◆ Aim of the exercise
Repeat the data word for word and skip the pictures.

◆ Information shown

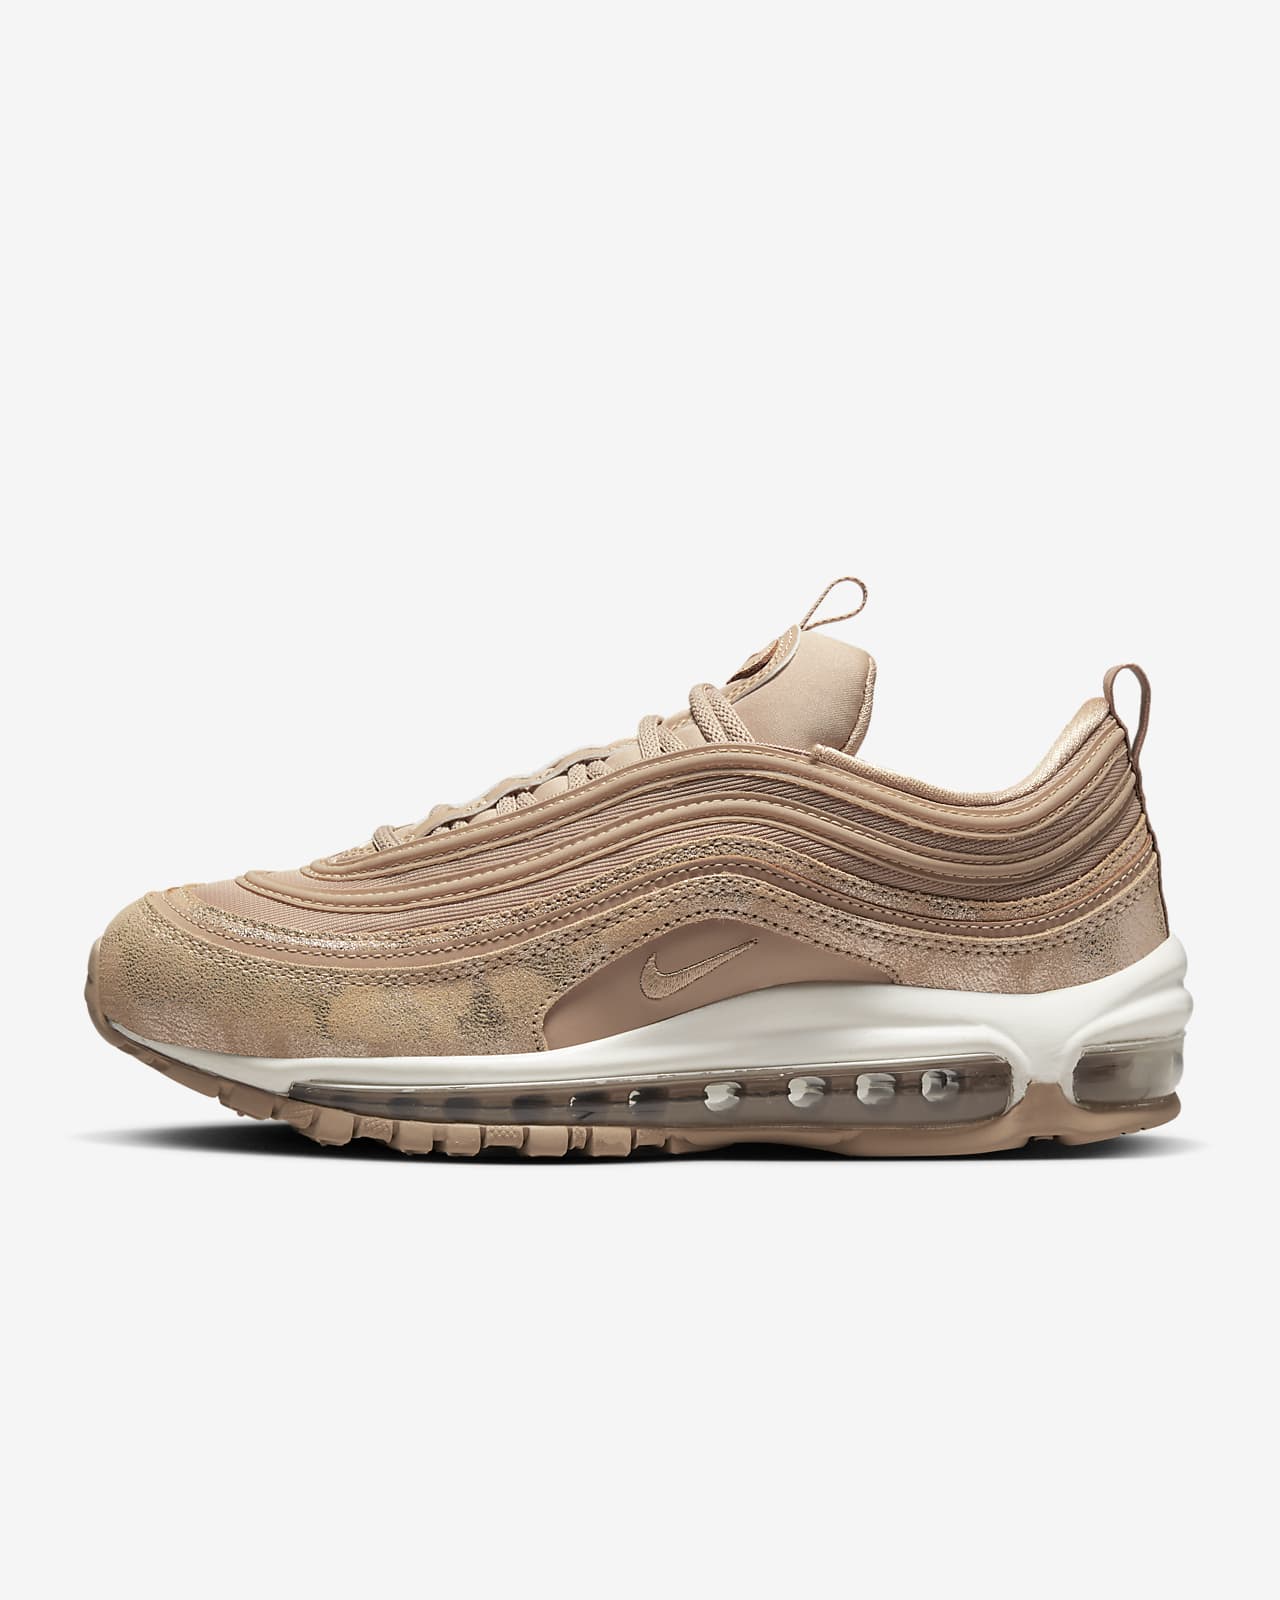 oscuridad Parpadeo visual Chaussure Nike Air Max 97 pour femme. Nike BE
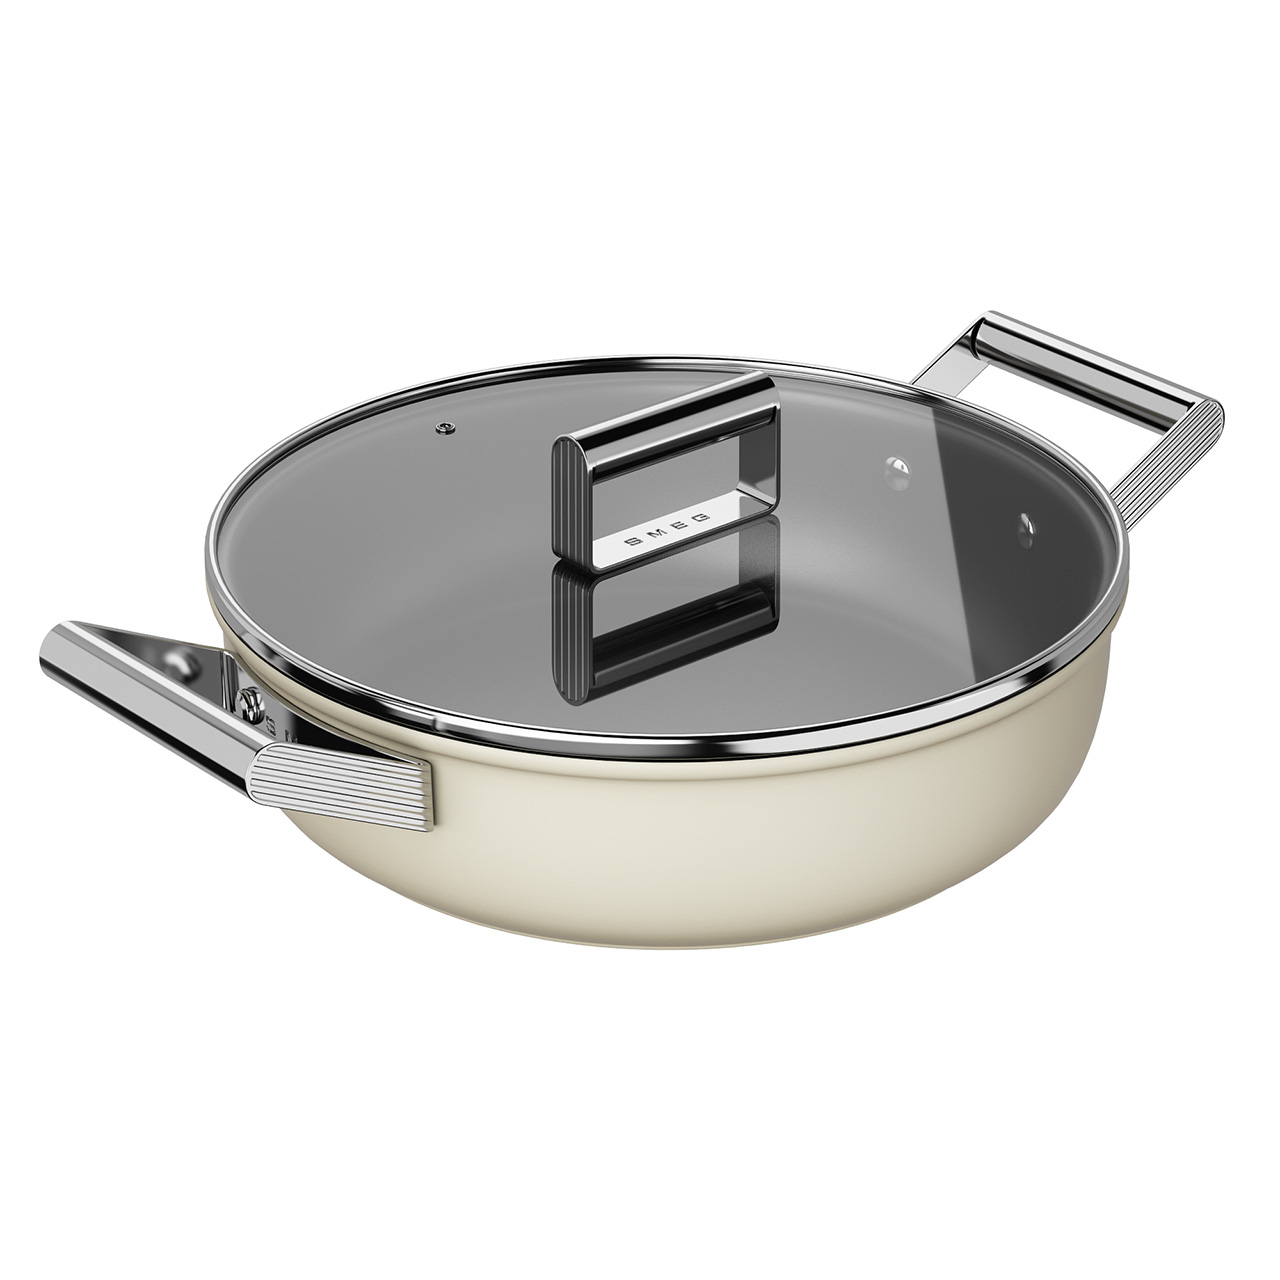 Cookware Deep Pan 50’s Style by Smeg
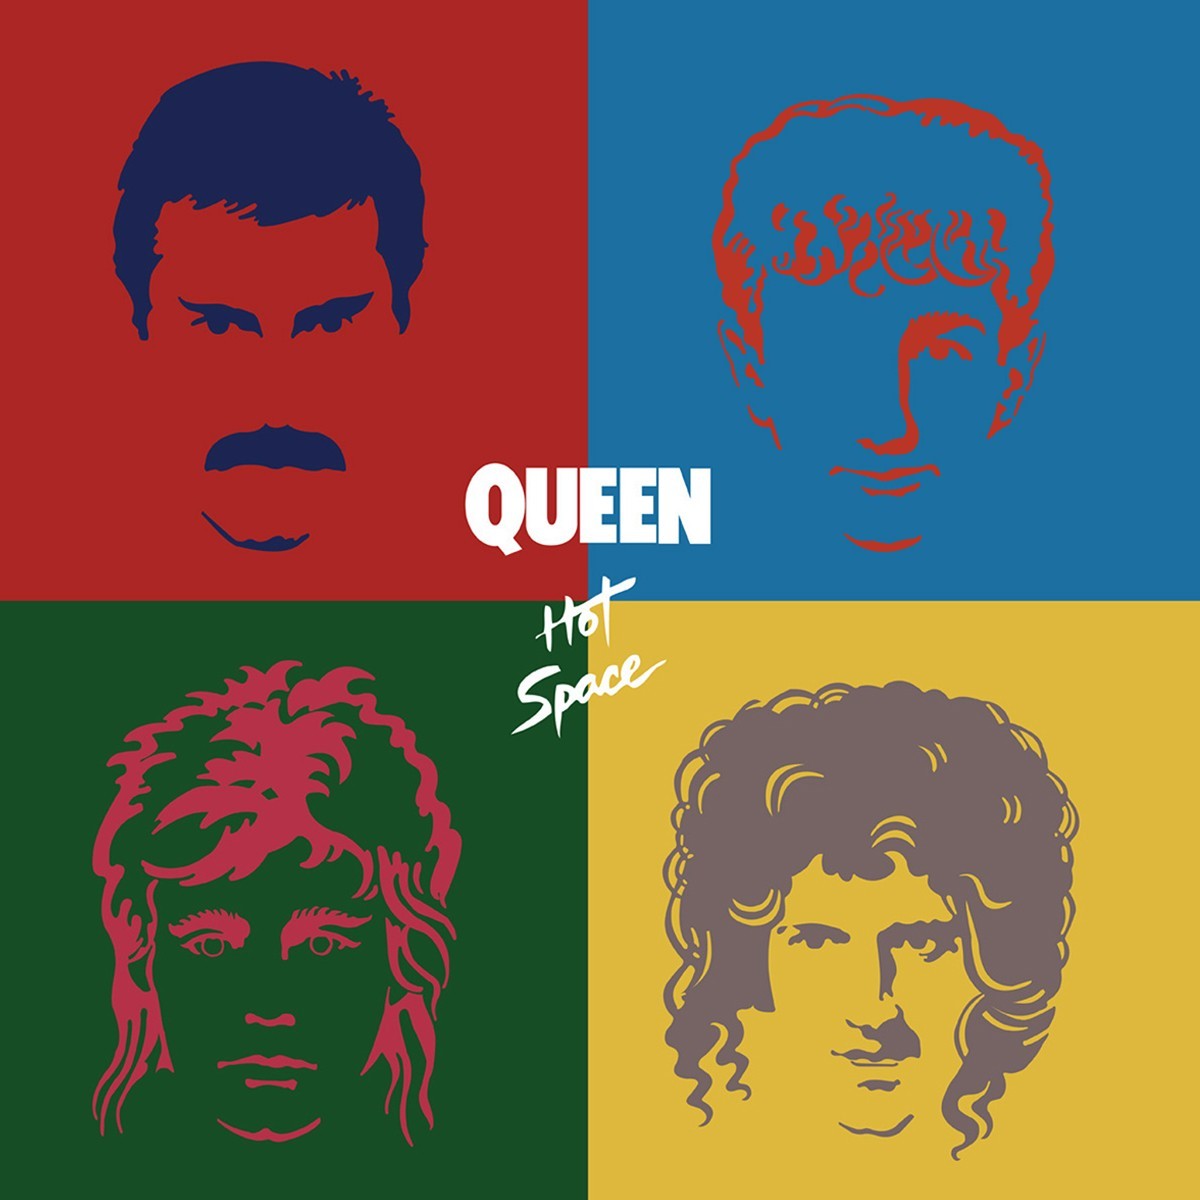 Cover of the album Queen "Hot Space"
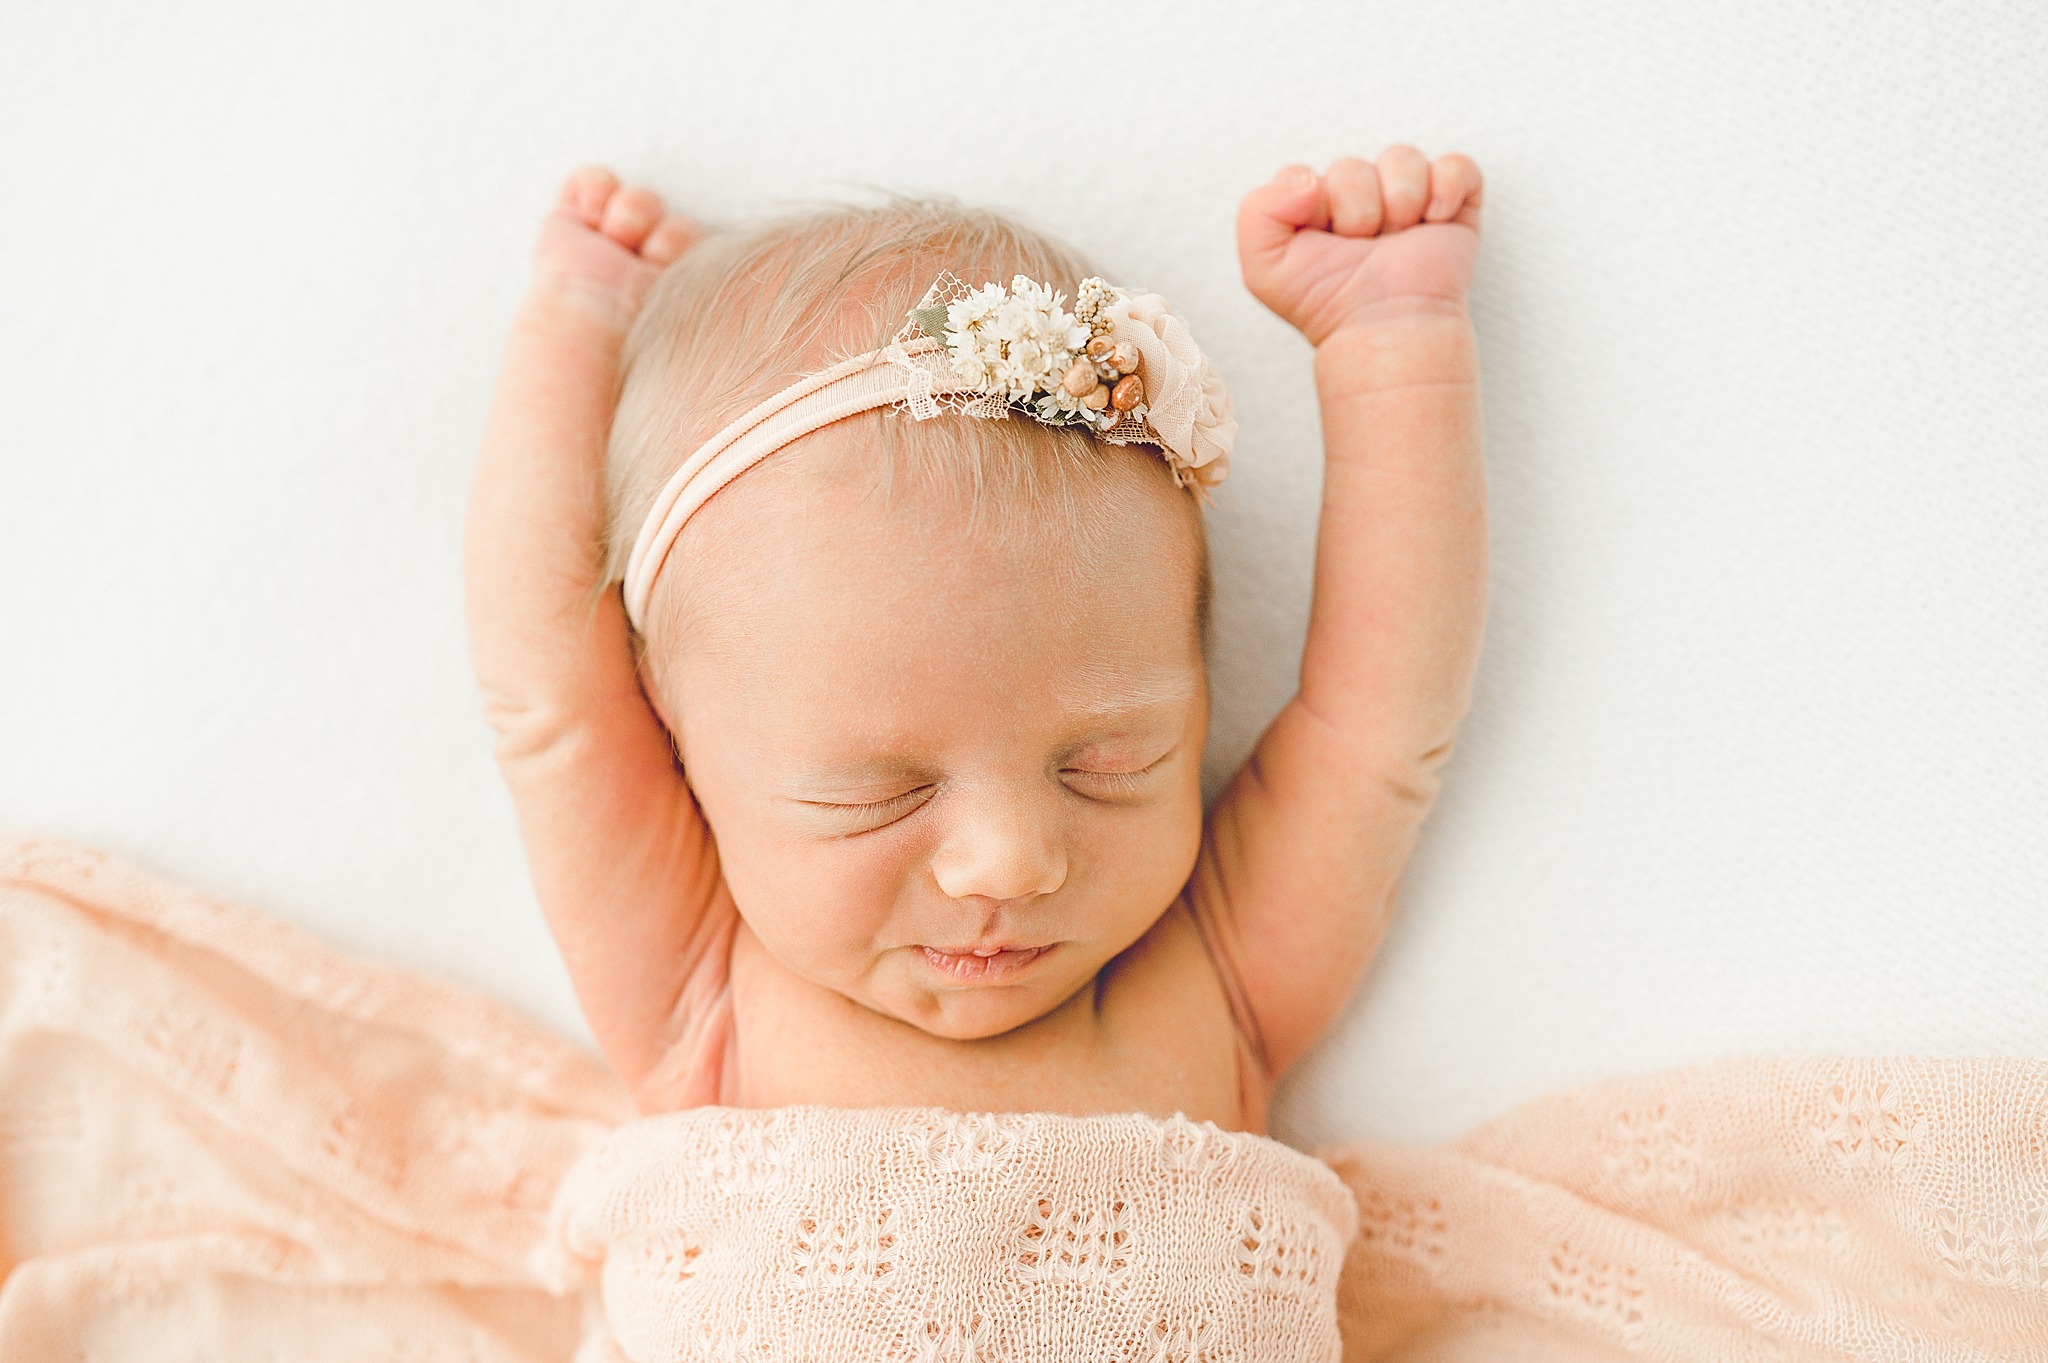 Natural Light Studio | Newborn Session with Baby Brinley

◆ Reply to the exercise
 oscuridad Parpadeo visual Chaussure Nike Air Max 97 pour femme. Nike BE
 Cookware Deep Pan 50’s Style by Smeg
 Cover of the album Queen "Hot Space"
 Natural Light Studio | Newborn Session with Baby Brinley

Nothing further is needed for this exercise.